W sumie ciekawe czemu w instrukcji shimano piszą że „Nie należy podejmować prób demontażu główki piasty, ponieważ może to spowodować usterkę”
Zabezpieczają się na wypadek ludzi bez wyczucia tematu oraz pytań w stylu: wysypały mi się kulki z bębenka gdzie mogę je kupić? ;]
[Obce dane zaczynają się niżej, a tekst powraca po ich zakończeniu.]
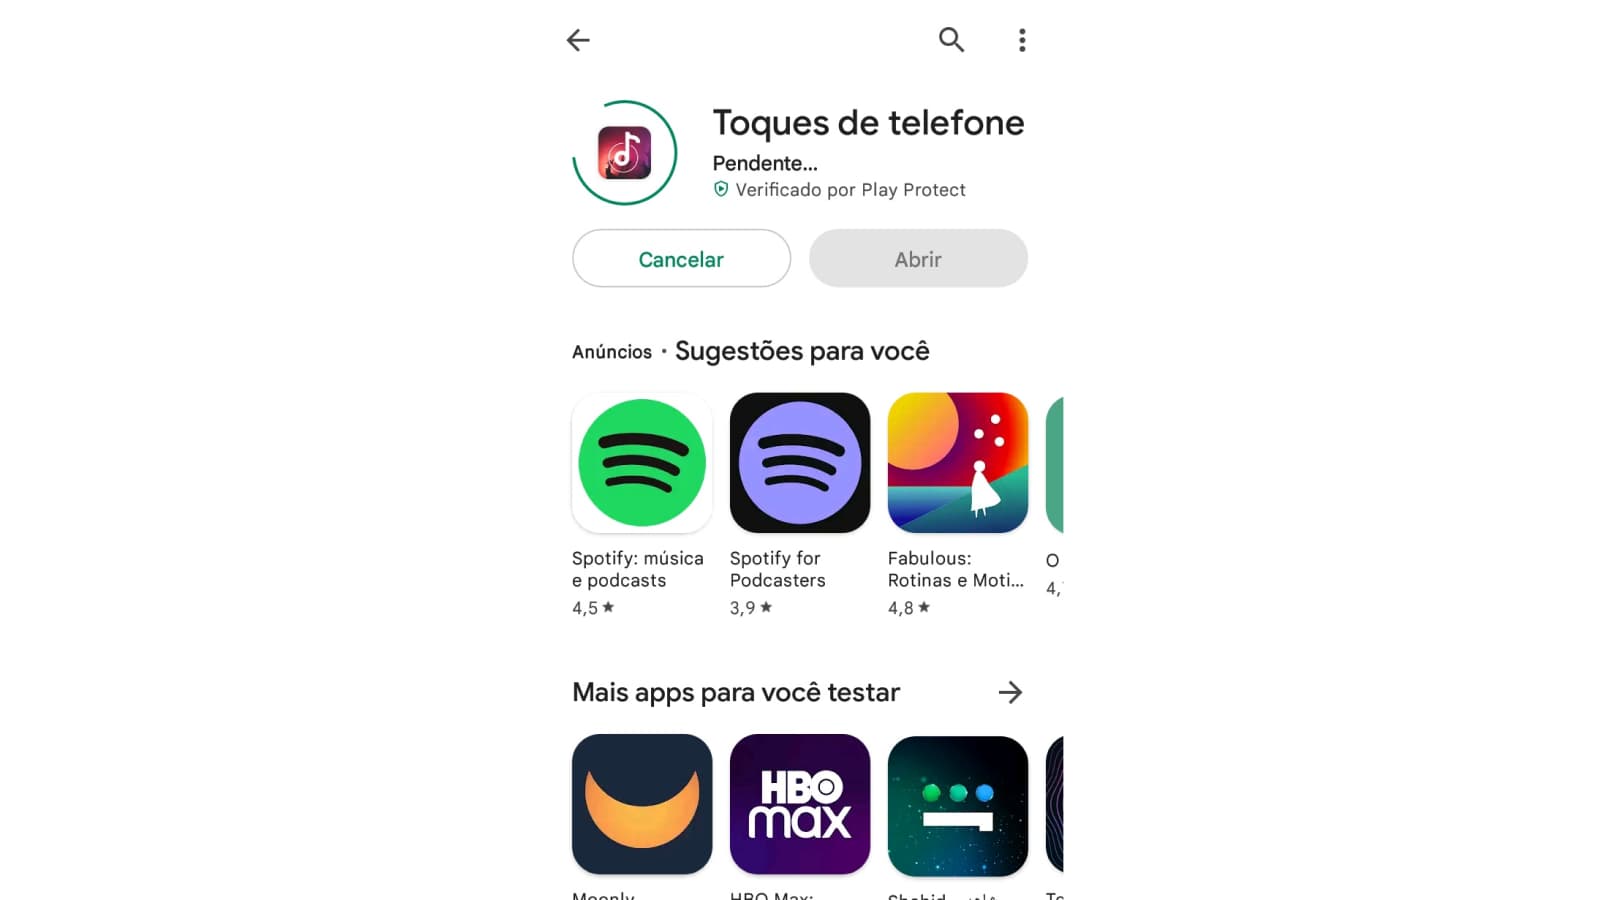 Tela de download de Toques de telefone na Play Store

Budowa jest prosta, ale czasami przy próbie odkręcania wychodzi, że w fabryce ktoś to dopieprzył na maksa i teraz nie idzie tego ruszyć więc lepiej pisać żeby w ogóle tego nie ruszać ;)
W przypadku kiedy naprawdę nie da się odkręcić tulei mocującej bębenek do piasty zawsze można się ratować odrobiną oleju do skrzyń biegów, który wlewamy powolutku kiedy koło leży na boku i kręcimy bębenkiem co by oleum zostało zassane do środka. Metoda mało wyrafinowana, ale działa i pozwala posmarować kulki bieżnie oraz zapadki.
Kiedy będziesz rozbierał bębenek to pamiętaj, że w niektórych wersjach są w środku dwie podkładki, które muszą tam być bo inaczej piasta nie będzie normalnie pracować i zrobi się z niej ostre koło.
Twój bębenek złącza się dość głośno, u mnie po serwisie był bardzo cichy mimo nie smarowania zapadek. Jakaś rada na pod głośnienie?
Zmiana piasty na inny model? :) Jeżeli naprawdę masz ochotę się w to bawić to możesz spróbować założyć nowe pieski, ale nie jestem do końca przekonany czy efekt Cię zadowoli prawdę mówiąc ;)
Np. założenie mocniejszej sprężynki… może twoja jest już wiotka, lub rozciągnąłeś przy demontażu. można pobawić się w doginanie celem zmniejszania jej średnicy.